Funds will be invested in qualifying deals over time. Pending investment, the manager may invest funds in a range of non-qualifying investments. These will include cash, money market funds and listed debt and listed equities.
Examples of portfolio companies held by previous Puma VCTs
Brewhouse & Kitchen
Puma made a £3.1 million investment into a micro-brewery pub business to support the roll-out of the brand across the UK (in December 2012). The Brewhouse & Kitchen (B&K) business has continued to expand and is currently running the concept at 20 locations. All B&K branded pubs brew a significant volume of their own beer on site and have a quality food offering. The transaction was successful and the Puma VCTs exited in October 2015.
Back to the Garden Childcare
Puma made a £2.2 million investment to fund the development and initial trading of a new 120 place children’s day nursery in Altrincham, South Manchester, due to open in August 2018. It is a joint venture between experienced developer and contractor, the McGoff Group, and Stewart and Jeannie Pickering, previously founders of a successful chain of children’s nurseries, kidsunlimited. Kidsunlimited was founded in 1983 and sold to private equity group LDC in 2008. By that point, the Pickerings opened more than 50 nurseries and introduced the first on-site workplace nurseries in the North West for firms including HSBC.
There is a target dividend of 5p per share, payable from 2020. Puma will aim to ensure the VCT can be wound up and the remaining capital and income returned to investors after eight to ten years from the closing date of the offer, although there is no guarantee of this.

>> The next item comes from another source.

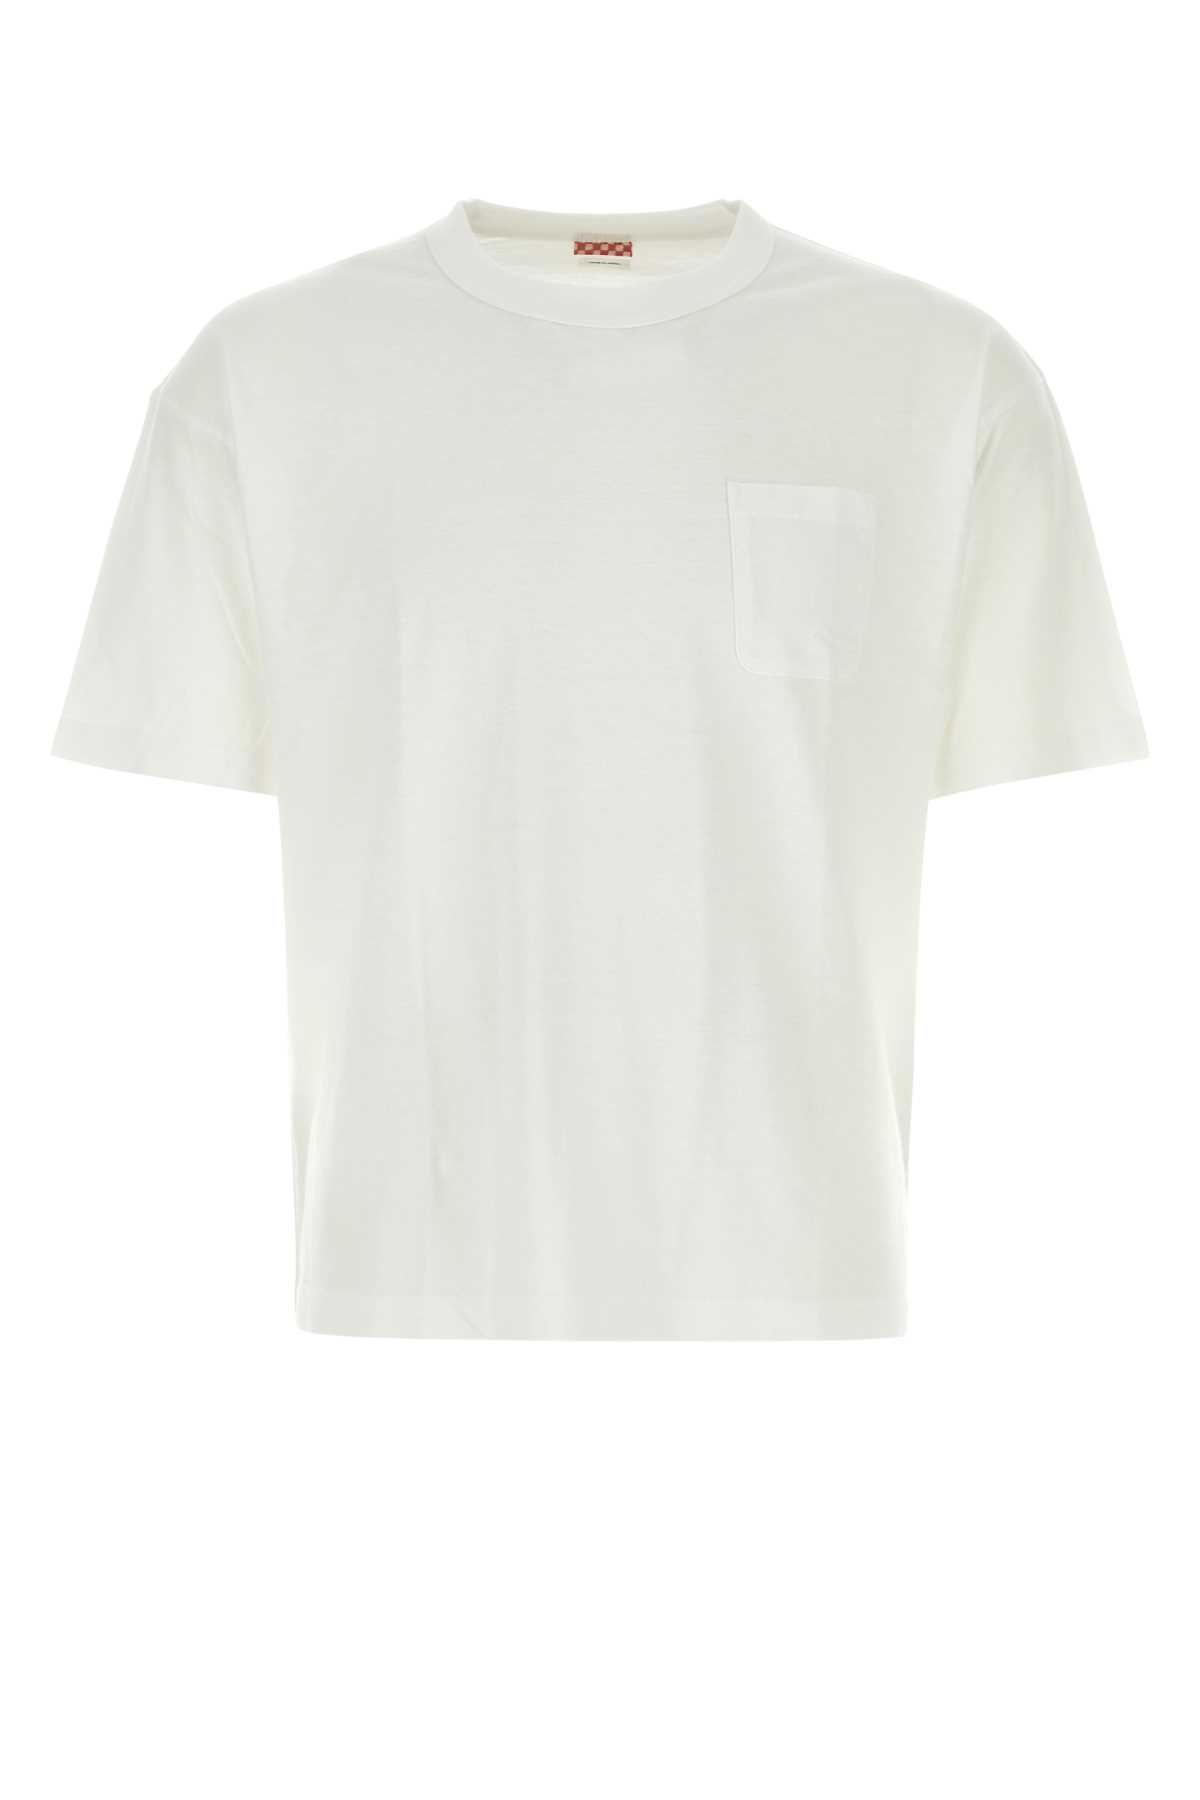 White Cotton Blend T-shirt Set

Please remember your capital is at risk. VCTs are high-risk investments and are not suitable for everyone. Investors should not invest money they cannot afford to lose.
The risks and investment objectives are different with each VCT, but with a significant proportion of the combined portfolios invested in property-owning businesses, investors are likely to be exposed to commercial property.

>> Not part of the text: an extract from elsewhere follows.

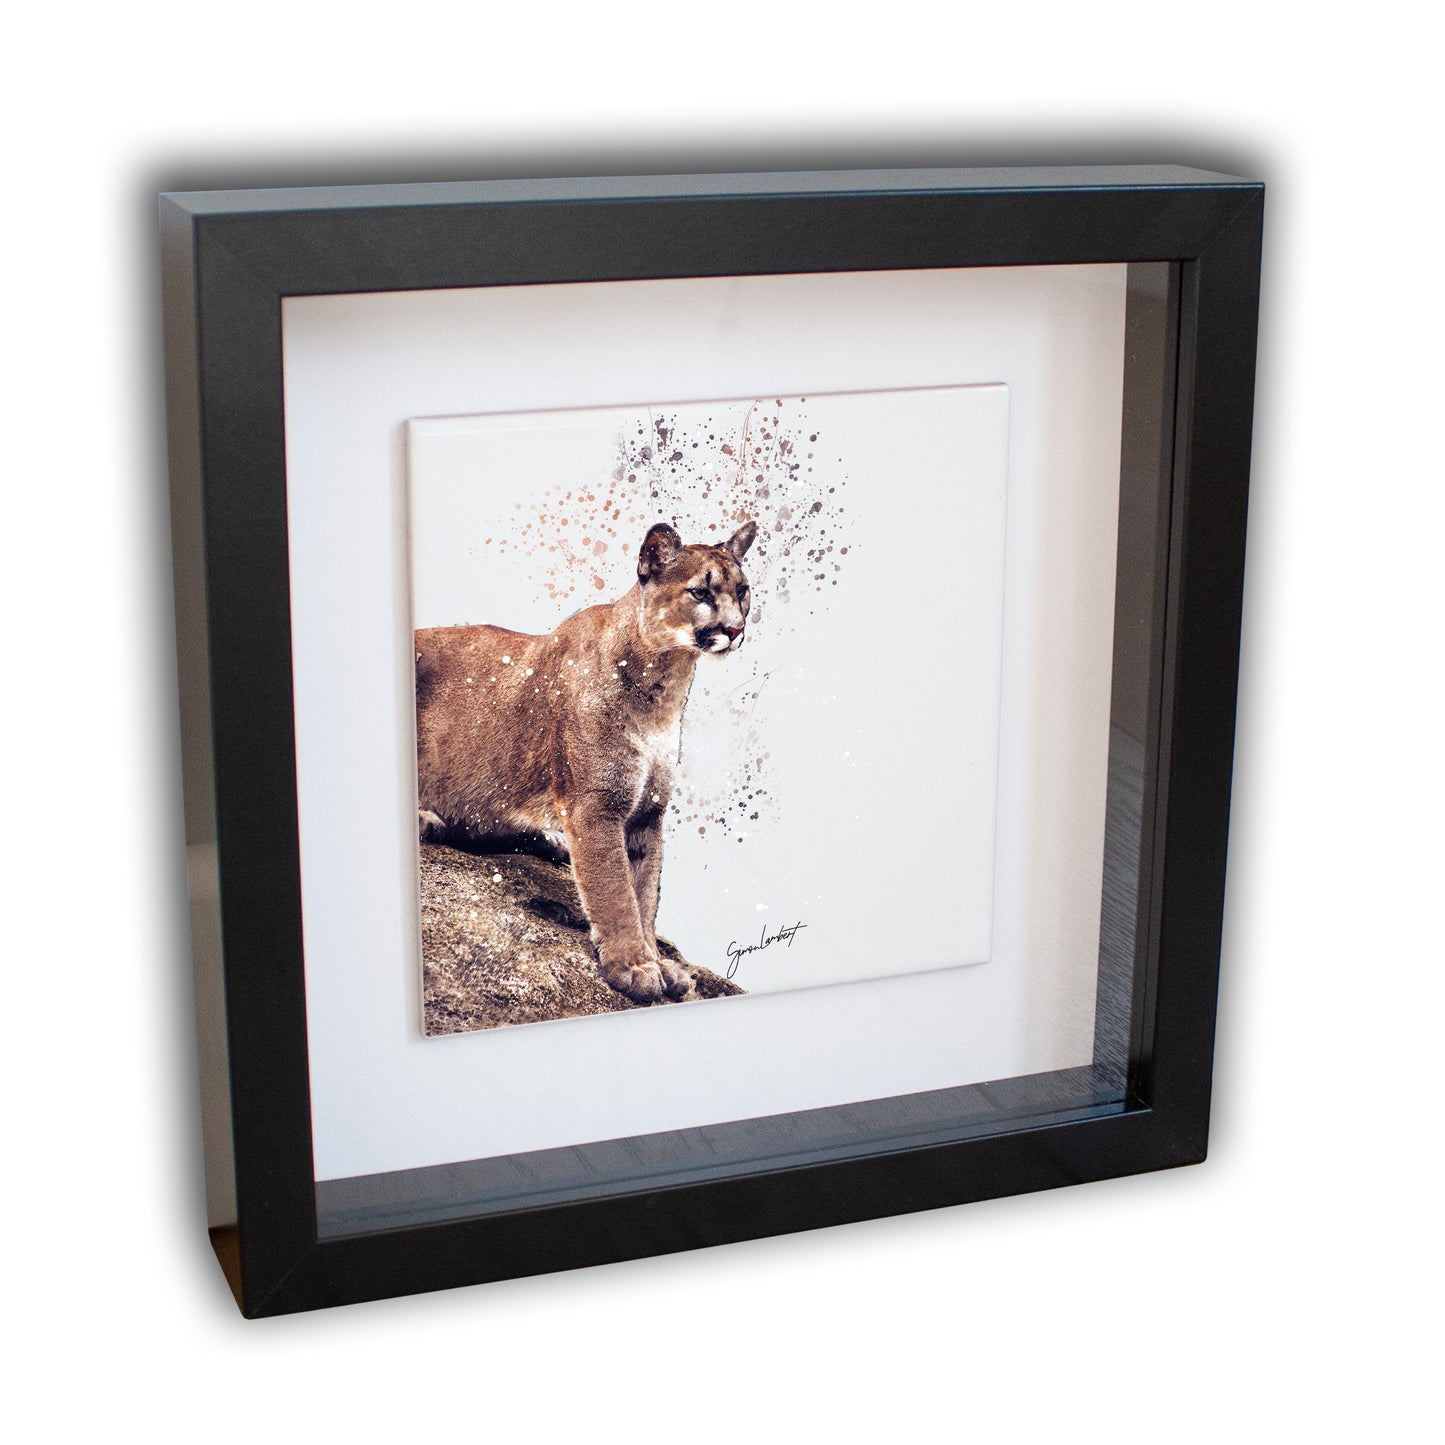 Cougar Portrait Brush Splatter Style Artwork - Framed CERAMIC TILE Art

Tax rules can change and tax benefits depend on individual circumstances.
Venture capital schemes have been the subject of a Treasury consultation. The proposals could have an effect on the investment policy of this VCT in future.
Fees and charges
A summary of the fees and charges is shown below. The net initial charge shown includes the Wealth Club discount.
|Full initial charge||3%|
|Wealth Club initial saving||2%||Net initial charge through Wealth Club||1%|
|Annual rebate (for three years)||0.10%|
More detail on the charges
Annual rebate when you invest through Wealth Club
The Puma VCT 13 includes an annual rebate for Wealth Club investors, payable for the first three years.
This is a rebate of our renewal commission and should be equivalent to 0.10% of the Net Asset Value of the Offer Shares issued to you when you invest. Terms and conditions apply.
The Company may operate a buy back policy at a 5% discount to their net asset value (after five years from the investment). Please see the offer documents for details.
Dividend Investment Scheme
There will be no dividend re-investment scheme.
The deadline to benefit from the 1% early bird enhancement in the form of additional shares is 1 October 2018.
Puma VCT 13 is unlikely to deliver stellar returns – indeed, it’s not designed to. It is structured to enable the VCT to be wound up after seven to nine years, with the remaining funds returned to investors. The initial tax break forms the majority of the return, and the underlying investments are likely to be in property-owning businesses, to mitigate downside risk. The Puma team is very experienced in this style of VCT management. If you’re interested in a limited life VCT this is one to consider.
Wealth Club aims to make it easier for experienced investors to find information on – and apply for – tax-efficient investments. You should base your investment decision on the provider's documents and ensure you have read and fully understand them before investing. This review is a marketing communication. It is not advice or a personal or research recommendation to buy the investment mentioned. It does not satisfy legal requirements promoting investment research independence and is thus not subject to prohibitions on dealing ahead of its dissemination.